We test 2-d perturbations almost the same way as 1-d, except the per gene statistics become absolute fold changes instead of fold changes. Because there are usually tens of genes in a gene set, the deviation from normal distribution of absolute fold change is not a concern here. Hope this helps.
Weijun

--- On Sun, 1/30/11, Nhan Thi Ho <nho at epi.msu.edu> wrote:

> From: Nhan Thi Ho <nho at epi.msu.edu>
> Subject: RE: GAGE: question about interpretation of "ambiguous" results from geneset analysis
> To: "Luo Weijun" <luo_weijun at yahoo.com>
> Date: Sunday, January 30, 2011, 1:03 PM
> Dear Dr Lou,
> Thank you very much for your quick response. It makes a lot
> of sense on dual significance issue. In fact, I did some
> plots of mean log2 fold change (of a significant geneset)

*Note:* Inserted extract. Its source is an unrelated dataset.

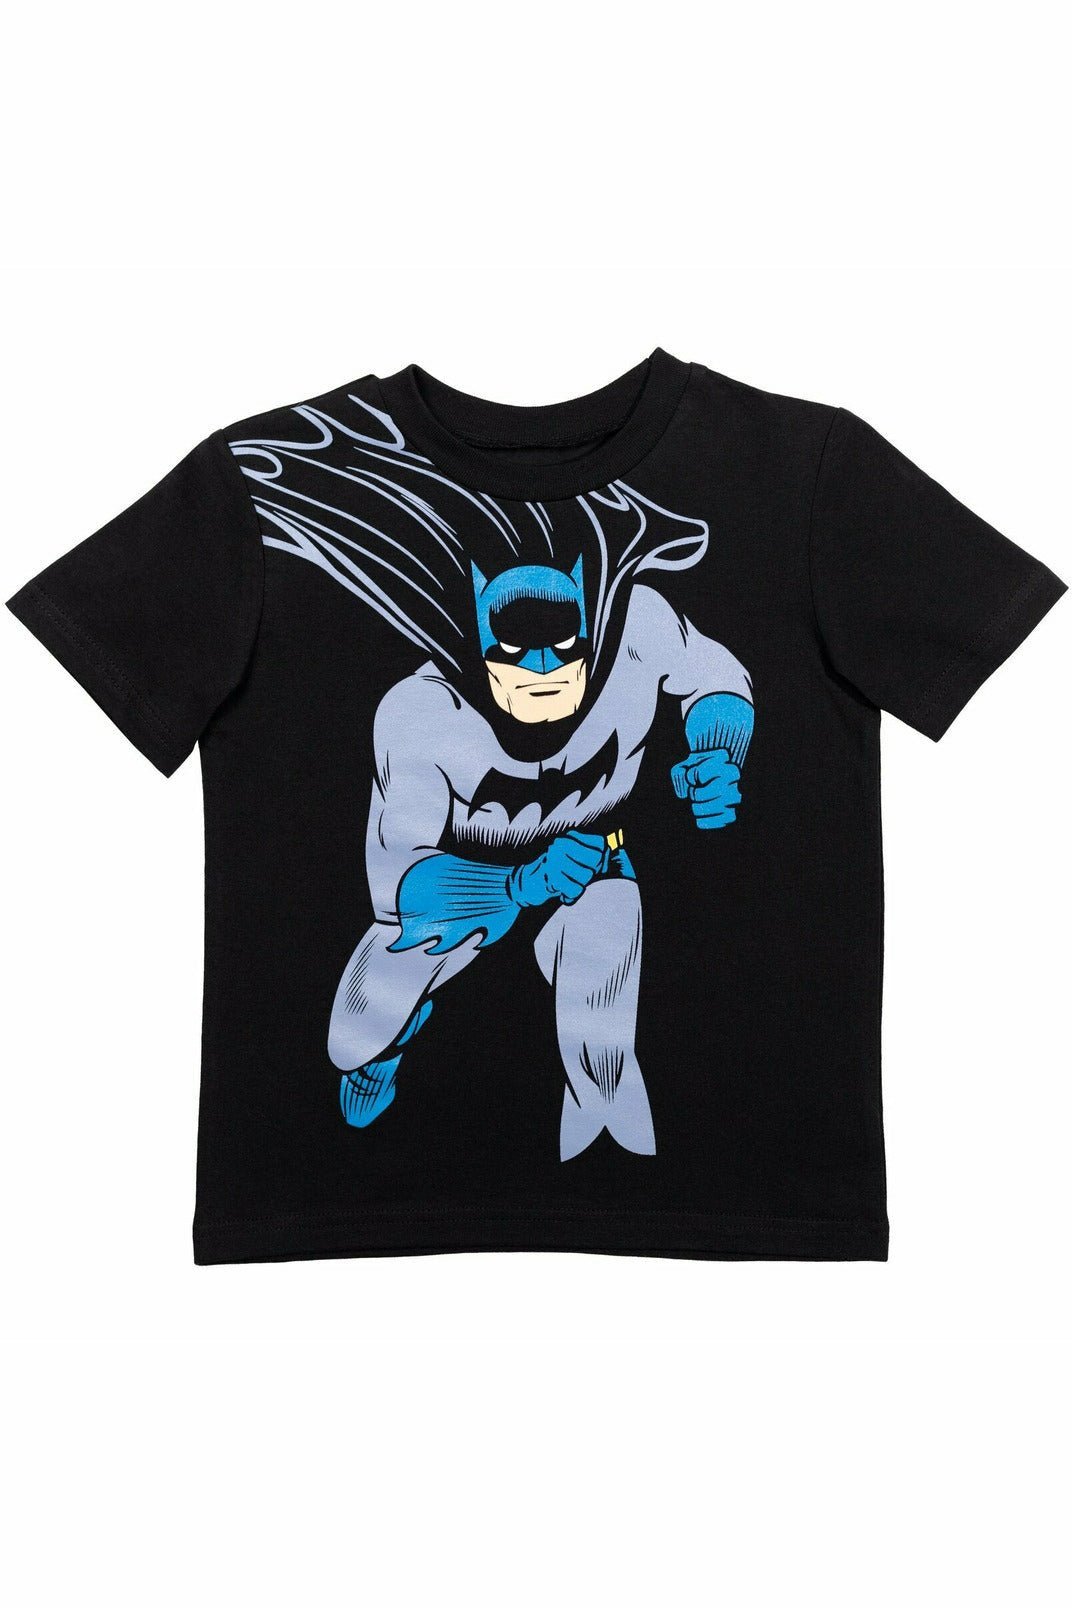 DC Comics Justice League Batman 2 Pack Graphic T-Shirt - imagikids

> for  individual pairs and I somehow figured out in
> which pairs that geneset is upregulated or down regulated. 
> For testing gene sets perturb in 1 direction, I guess we
> can look at the sign of the t-statistic (- or +).  But
> I am still  a little confused about the test you use
> for testing the gene set which perturbs in 2 directions. I
> read your paper and I could not figure out. Could you please
> give me more explanation about this (or show me where I can
> find explanation about this)? 
> Thank you very much.
> Nhan 
> 
> 
> 
> ________________________________________
> From: Luo Weijun [luo_weijun at yahoo.com]

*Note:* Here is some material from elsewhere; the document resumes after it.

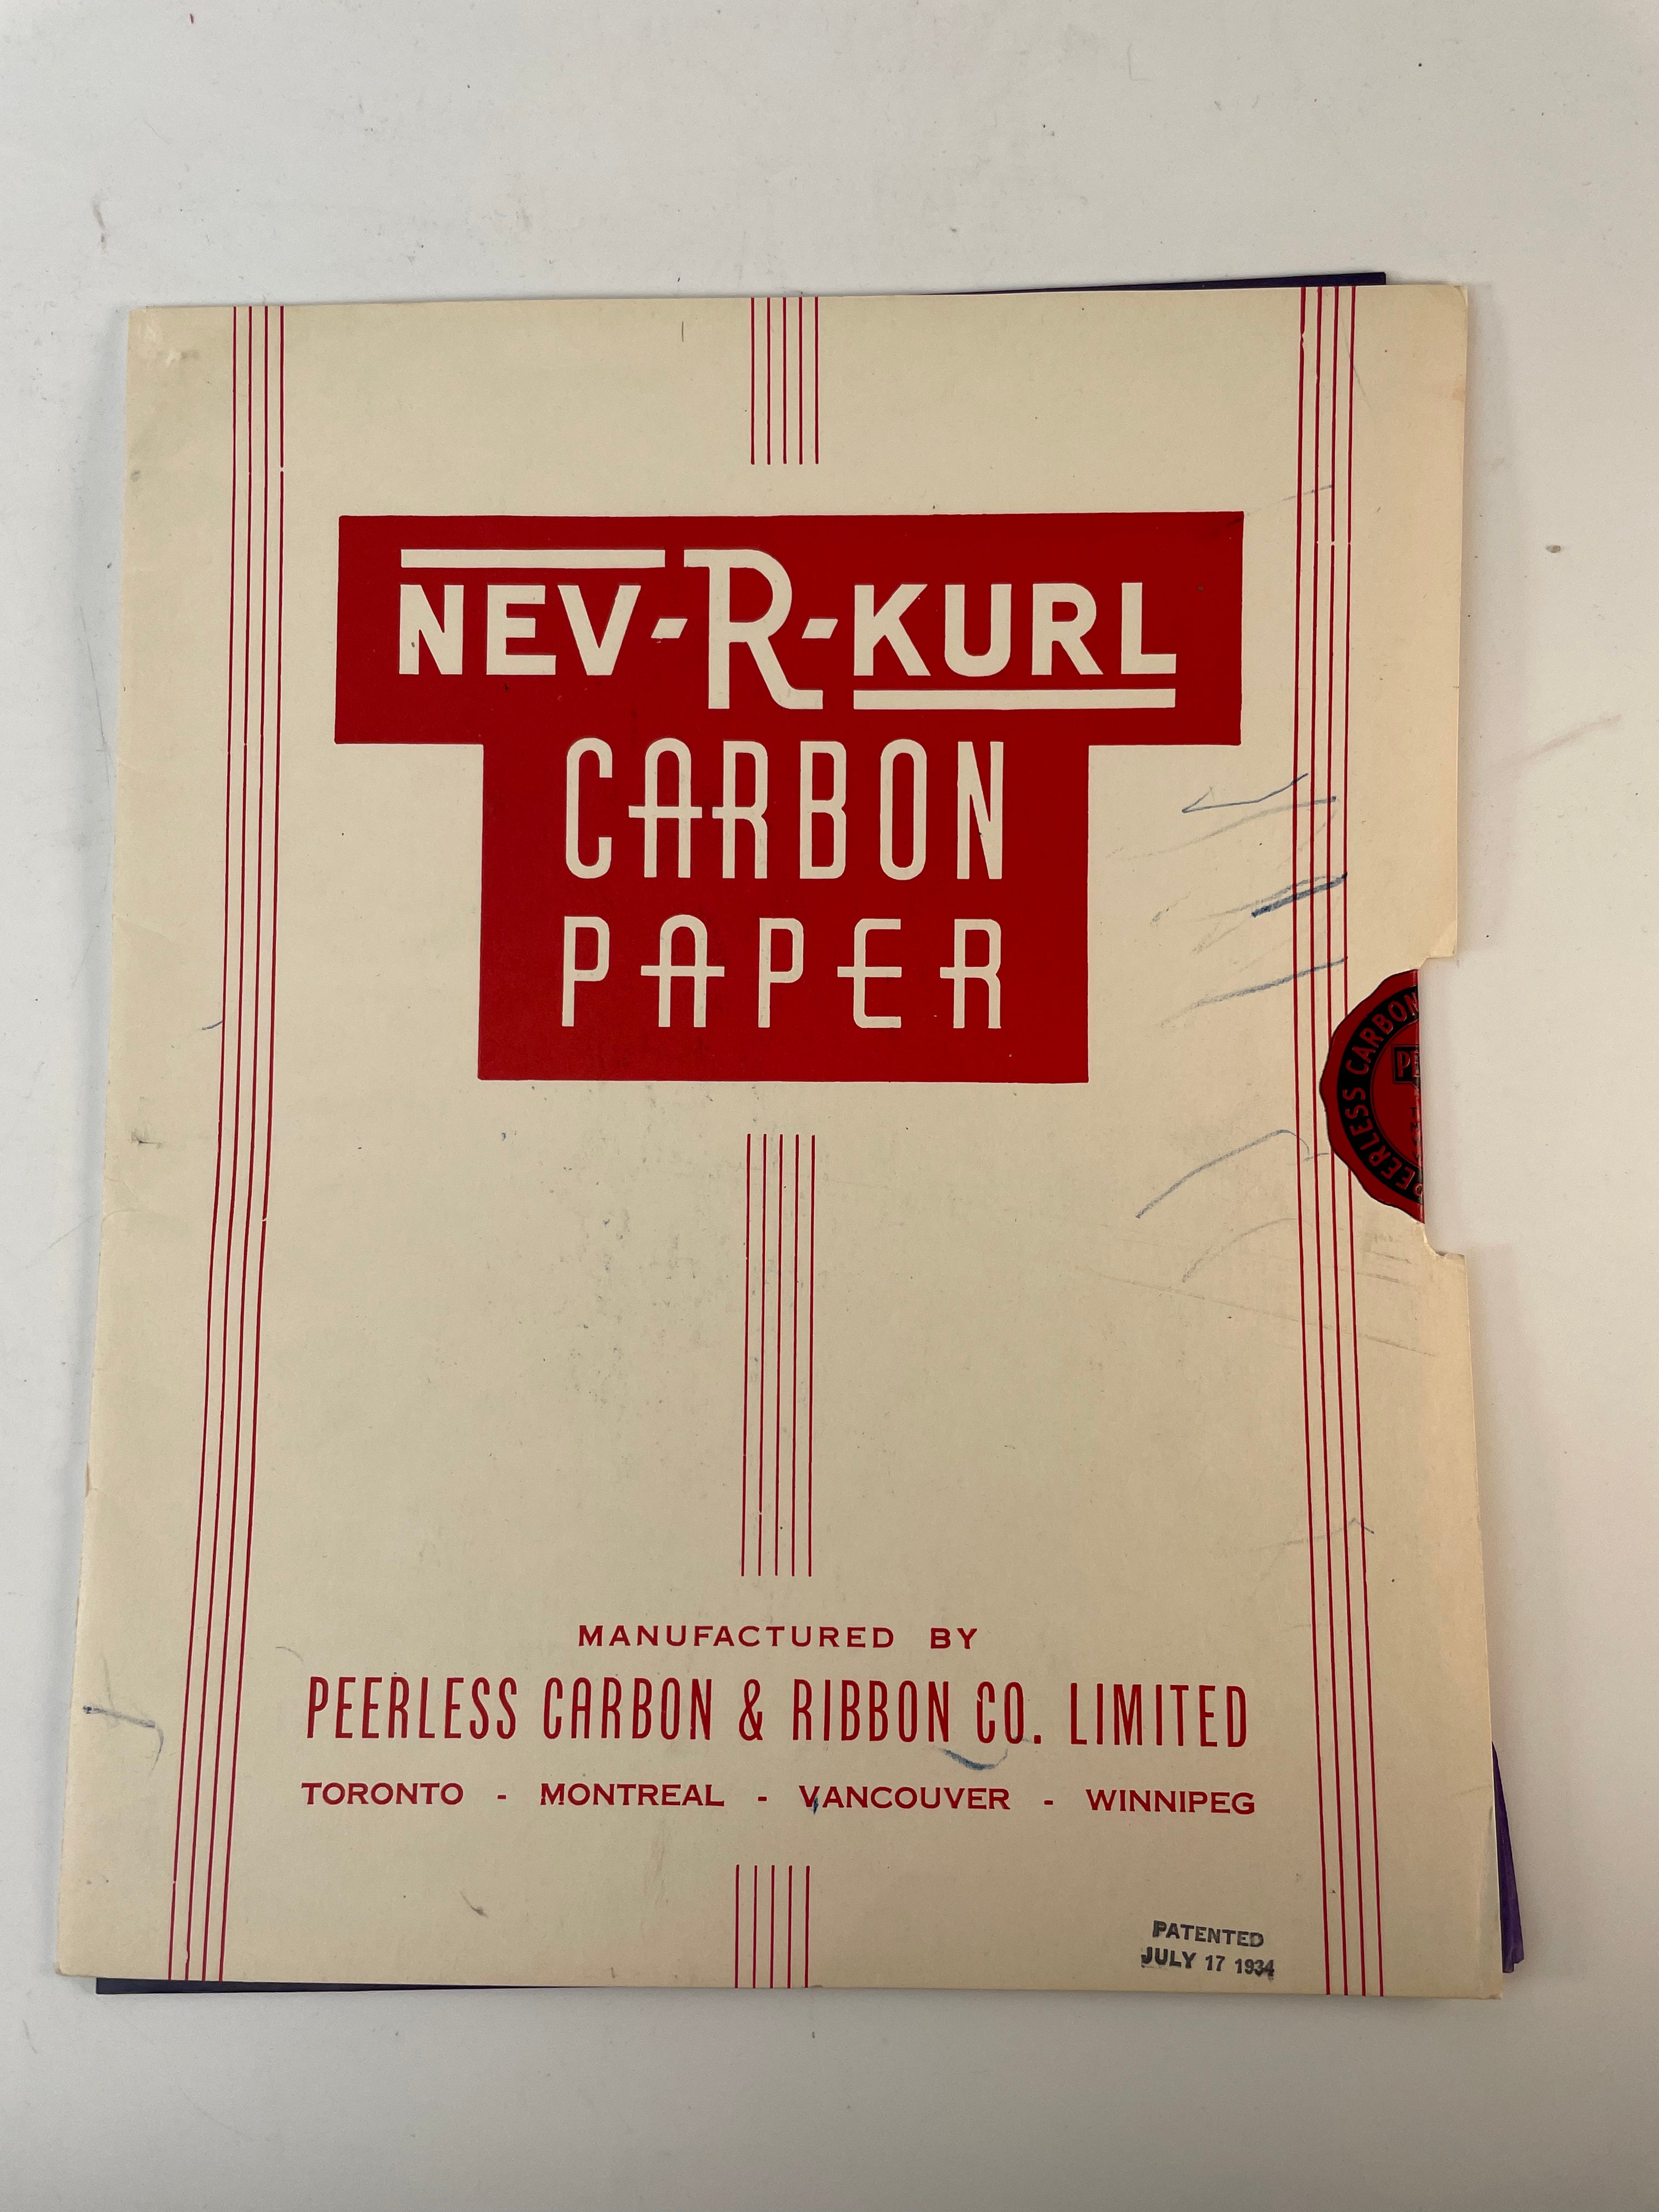 Papier carbone NEV-R-KURL, fabriqué par Peerless Carbon & Ribbon Co. Limited

> Sent: Sunday, January 30, 2011 11:48 AM
> To: Nhan Thi Ho
> Cc: bioconductor at stat.math.ethz.ch
> Subject: Re: GAGE: question about interpretation of
> "ambiguous" results from geneset analysis
> 
> Hi Nhan Thi,
> Thanks for your interest in GAGE.
> I understand the issue you observed. You are right,
> normally we only see a gene set either up- or down-
> regulated. But when using GAGE for big datasets (like
> yours), significant for both up-regulation and
> down-regulation may occur to some gene sets. Because we got
> very small p-values for a subset of cases (vs control) in
> up-regulation test, and small p-values for another subset of
> cases in down-regulation test. In other words, for big
> datasets, GAGE identifies significant changes in subsets of
> samples, hence may call some gene sets both up- and down-
> regulated. We call such gene set "dual significant". Dual
> significance could be confusing to new users, but may
> indicate relevant results for subsets of samples or
> sub-classes of diseases. They are simple ways to handle
> these dual significant gene sets. You may only keep both
> directions, the more significant direction, or remove both
> directions depends on whether what want to see significant
> changes only in
>  a subset of samples. Check help information for function
> sigGeneSet (?sigGeneSet). We will add more rigorous
> treatment of dual significance issue in the near future.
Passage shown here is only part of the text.